When Sanish Mondkar, former chief product officer at SAP, left his job in 2015, he traveled around the country with his two dogs, talking with people outside of Silicon Valley. The result: In 2016, he founded Legion Technologies, a workforce management software company that helps employers like Dollar General, SoulCycle and Philz Coffee (its first customer) oversee their hourly workers. “There is no innovation targeted at these hourly workers,” says Mondkar, 48. Redwood City, California-based Legion uses artificial intelligence and machine learning to help its customers forecast demand and optimize their labor costs, while taking into account employees’ preferences for when and how they work. “Most employees quit these jobs because of schedule conflicts,” he says. “The goal for the algorithms is to prioritize both sides.” With increased attention on workforce issues during the pandemic, Legion revenues are expected to more than double this year, to $11 million.

Mati 

Mati

Founder: Filip Victor (CEO) 

Equity raised: $86 million 

Estimated 2020 revenue: $4 million 

Lead investors: Spero Ventures, Tribe Capital 

Filip Victor, 30, arrived in the U.S. from Poland via the U.K. to go to school at the University of Pennsylvania. Almost immediately, he started thinking about how hard it was as an immigrant to access financial services, rent a car or book an Airbnb. In 2015, he founded Mati to solve the problem of online identity verification by aggregating dozens of data points. Today, the San Francisco-based startup focuses on customers in Mexico (its first market) and Latin America, where its customers include bitcoin exchange Binance and fintech Creditas. Next up: expansion to Indonesia, India and Africa. “In the U.S., people like me are called ‘thin file,’ and while it’s not trivial, it is still a minority,” Victor says. “When you look at countries like Mexico, India and Nigeria, it is over 90%.” 

Netlify 

Netlify

Founders: Christian Bach, Mathias Biilmann (CEO) 

Equity raised: $107 million 

Estimated 2020 revenue: $10 million 

Lead investors: Andreessen Horowitz, Bloomberg Beta, EQT Ventures, Kleiner Perkins 

By building websites more like mobile apps, where a developer may cherry-pick from a variety of integrations and APIs, they can be set up faster, safer and cheaper. That’s the basic idea behind Netlify, the San-Francisco based startup cofounded by high school buddies Biilmann, 45, and Bach, 43. Netlify’s technology lets developers configure the front end of a website and implement a variety of back-end APIs that already exist to build better sites at ten times the speed and significantly lower cost. Netlify’s customers include tech giants Twilio, Peloton and Shopify, as well as individuals building personal hobby sites. Biilmann, a Danish immigrant, says Netlify’s biggest challenge was getting Web developers to think differently. “We had to convince the world that this architectural shift was something really valuable,” he says. “When we started, there was no nomenclature in decoupling web UI from back-end business logic. We had to build that concept.” 

Postscript 

Postscript

Founders: Alex Beller, Adam Turner (CEO), Colin Turner 

Equity raised: $50 million 

Estimated 2020 revenue: $13 million 

Lead investors: Accomplice, Greylock Partners, OpenView, Y Combinator 

Postscript helps more than 5,000 small businesses on Shopify manage their SMS text-messaging campaigns with shoppers to bolster engagement and sales. Adam Turner, 29, started the company with his older brother Colin and Beller, 30, with whom Adam previously worked at product discovery firm StackCommerce. Founded in 2018, the company took off that November after helping its customers push shoppers to their Black Friday sales. That success allowed the brothers and Beller to snag a spot at Y Combinator for 2019. “SMS is the messaging thread in the U.S. and Canada, and consumers are expecting it to behave in a way that hasn’t really been built yet,” Adam Turner says.

Productboard 

Productboard

Founders: Daniel Hejl, Hubert Palan (CEO) 

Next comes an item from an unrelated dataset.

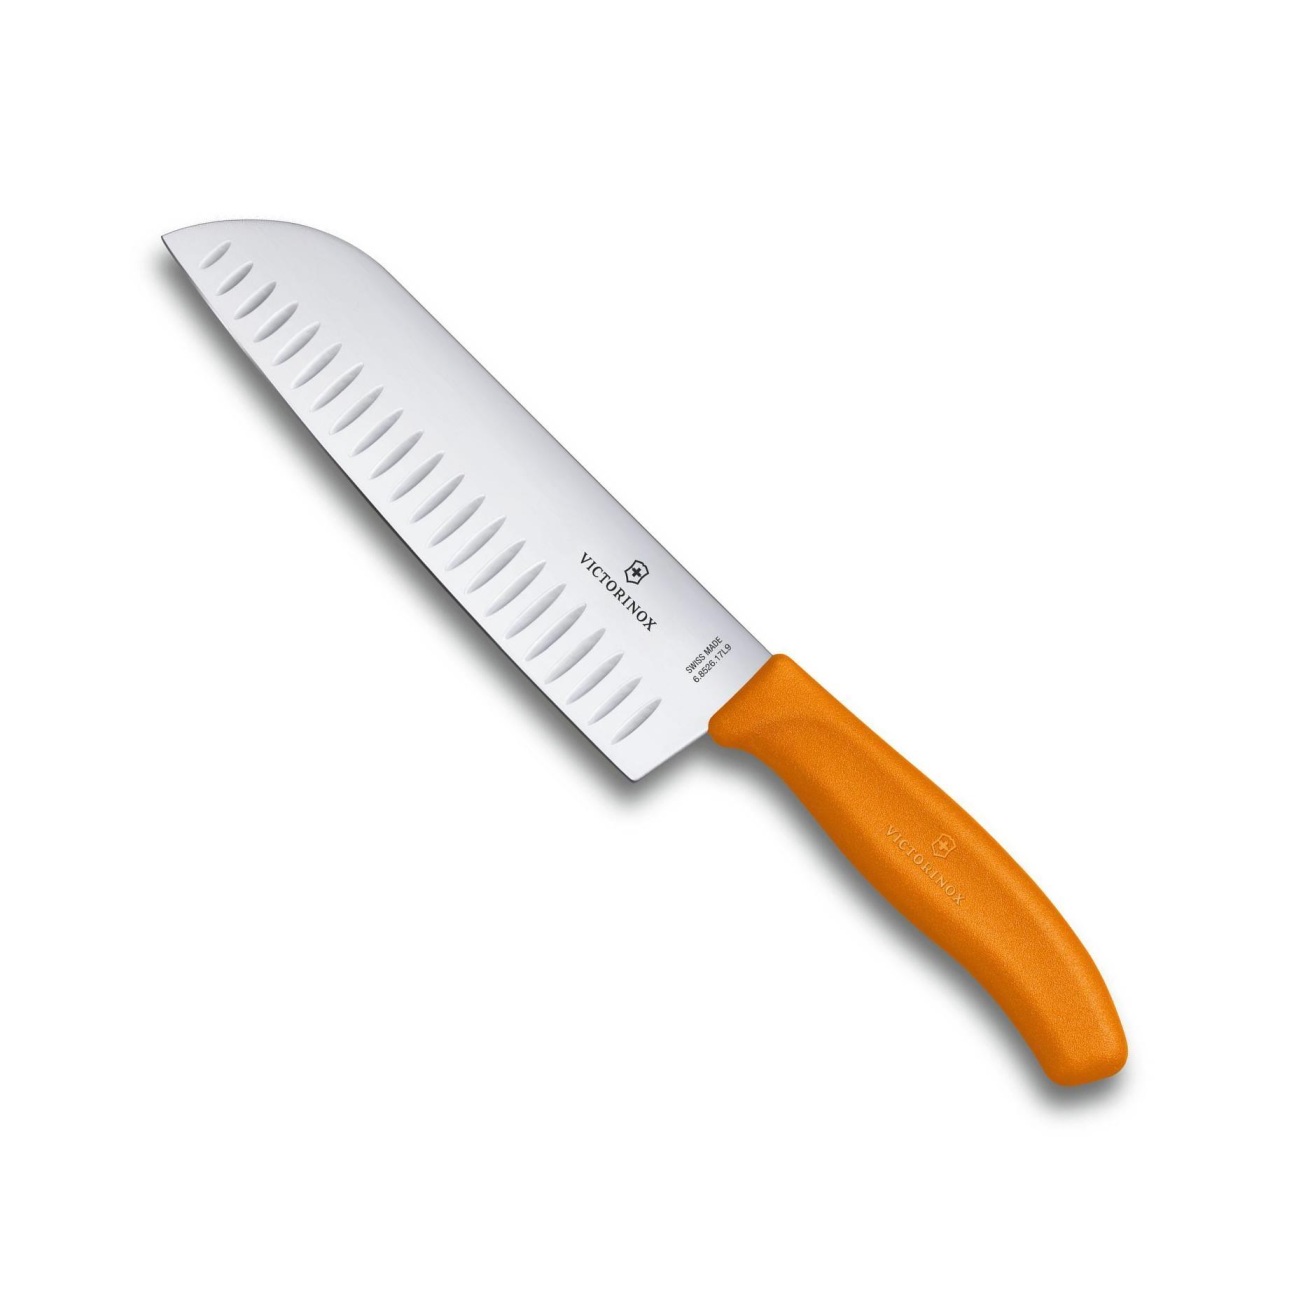 Japonský Nůž Santoku s výbrusy SWISS CLASSIC 17 cm oranžový - Victorinox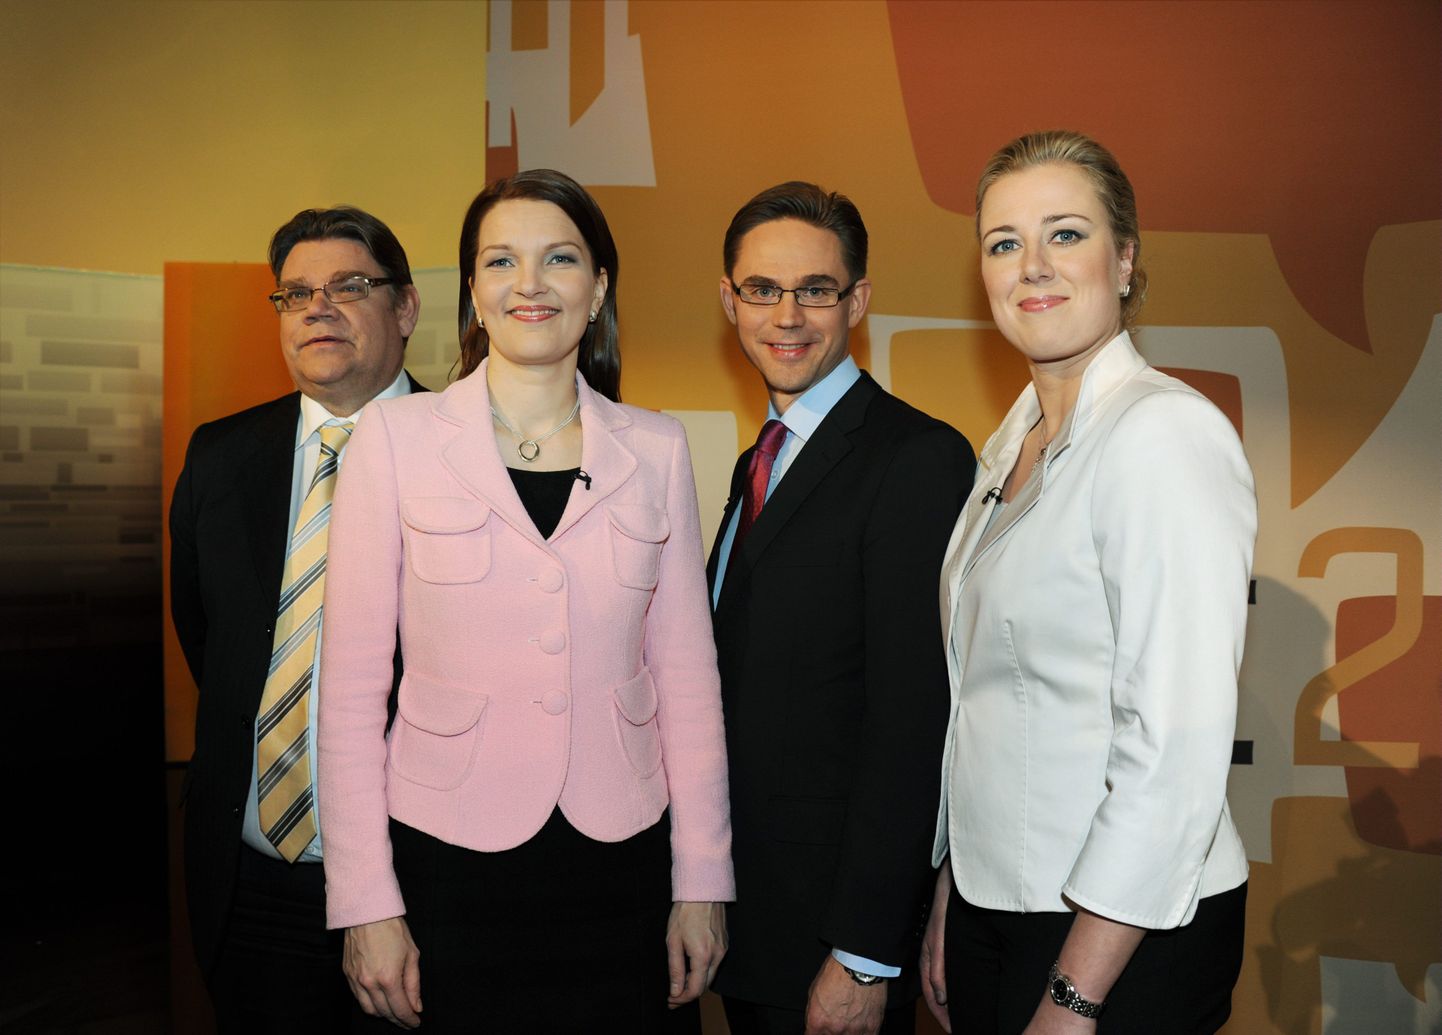 Soome nelja suurpartei liidrid (vasakult): Timo Soini (Põlisoomlased), Mari Kiviniemi (Keskerakond), Jyrki Katainen (Koondpartei) ja Jutta Urpilainen (SDP).

Equity raised: $137 million 

Estimated 2020 revenue: $20 million 

Lead investors: Credo Ventures, Index Ventures, Kleiner Perkins, Sequoia Capital, Tiger Global 

While serving as the vice president of product management at business intelligence firm GoodData, Czech Republic-born Palan, 43, wondered why there was no software for product development that made customer needs—as opposed to engineering priorities—its focus. To launch San Francisco-based Productboard, he spoke with more than a thousand product developers and built 14 different versions of the new application. Productboard integrates with existing data sources like Zendesk and Jira, which allows product specialists to monitor customer feedback in a single space to make better decisions about what their users really want. More than 4,500 customers, including UIPath and Zoom, have signed on.

Route 

Route

Founders: Mike Moreno, Evan Walker (CEO) 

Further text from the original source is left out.